I can not yet explain why a time-trend distorts the results so severely.

Thus, I would consider to stay with the specification above, and refine it.

Is there any other potentially severe problem that I need to consider ?

If you can recommend any practical source to look on (beyond the xtabond2 Paper) to prevent me asking stupid question, please let me know.

Thank you very much for the support, I highly appreciate and am thankful for your readiness to help.
Please let me know if the wealth of questions I am coming up with is bothering or accessible elsewhere.

Thanks again and best
Tobi

Some comments:

1. As you have realized yourself, the first valid instrument is indeed the second lag of the dependent variable. I would usually at least consider two lags (i.e. the second and third lag). Otherwise, you are essentially using an Anderson-Hsiao estimator that may break down in some situations, which led to the development of the Arellano-Bond estimator who added further lags. (This will automatically give you overidentifying restrictions.)

2. Unless you want to assume the standard error-components structure with homoskedasticity, forget about the Sargan test and just focus on the Hansen test (given that you are taking all necessary precautions to avoid a too-many-instruments problem). If the Hansen test rejects the null hypothesis already for a single overidentifying restriction, this should worry you, yes.

3. The distortion may not come from the time trend itself but from the lack of the time dummies. Time effects are a tricky matter, in particular given your large time horizon. I do not have a one-size-fits-all answer for you on that matter.

Just ask. I may, however, not respond to every question or keep some responses rather short.

Thank you so much, this is such a great help

Dear Sebastian,

I stumbled across a further question during my latest research steps.

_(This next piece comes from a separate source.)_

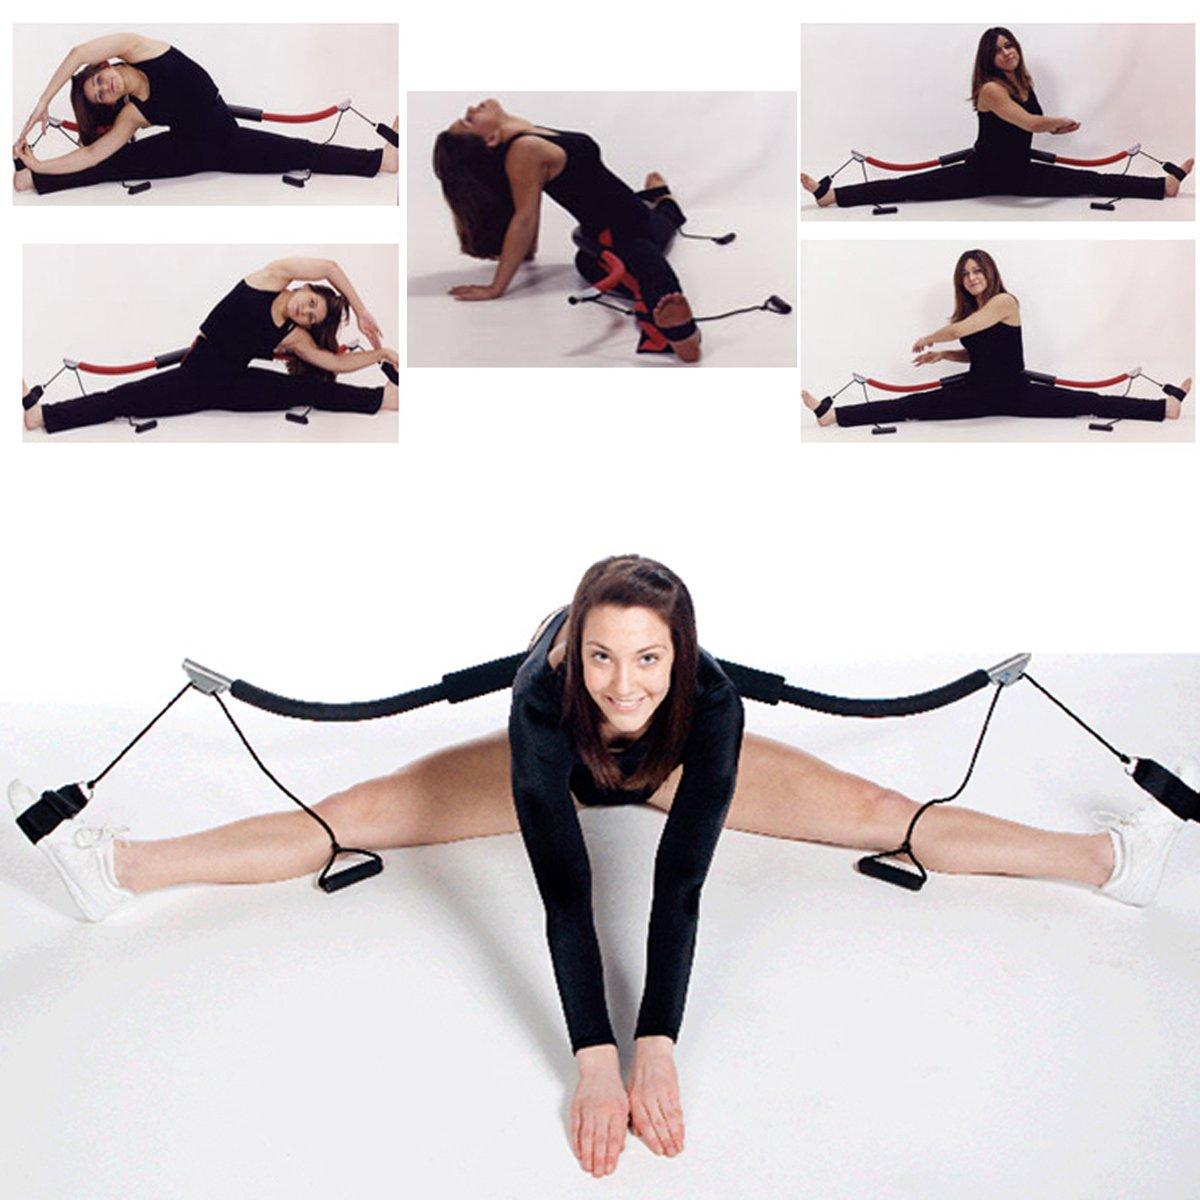 Amazon.com: Mervie - Acelerador de piernas plegable, máquina ...

In which way does multicollinearity become a problem in GMM, is it relevant to check for multicollinearity in levels or in differences ?

Thanks and best
Tobi

Mulitcollinearity among the regressors creates the same problems for GMM as for any other regression method.

Thanks, is it sufficient if there is no multicollinearity in differences or do we need to check for the lagged levels (or the regressor with its level value and lag as used in the model ?) with which we instrument?

There should be no multicollinearity among the regressors (in first differences for that matter) and among the instruments.

Then, among the regressors it is not a problem, but how do I account for the instruments ?, because in levels I would have multicollinearity, so now I do not really know how to proceed with this issue of potential multicollinearity among the instruments (both identifying and getting rid). Especially because I have seen that at least when using System GMM other authors have appearingly not been worried by multicollinearity in levels.

Another problem I stumbled across is that when using first-difference transform instead of orthogonal deviations my results change dramatically, and I am now insecure, whether staying in orthogonal deviations is sound, although Hayakawa (2009) argues to use FOD. In terms, of the OLS-LSDV range of the lagged DV the value of the orthogonal deviation transform is almost exactly to the LSDV estimate, while the First difference transform estimate is significantly lower, although the LSDV should be the lower bound. do these thoughts justify staying with the FOD transform, or am I on the wrong track here ?

Thank you again
Tobi

It is difficult to give general advise on this matter, so I am afraid that I will not be able to give more help here.

Similarly, I do not have an answer for your second question. Sorry.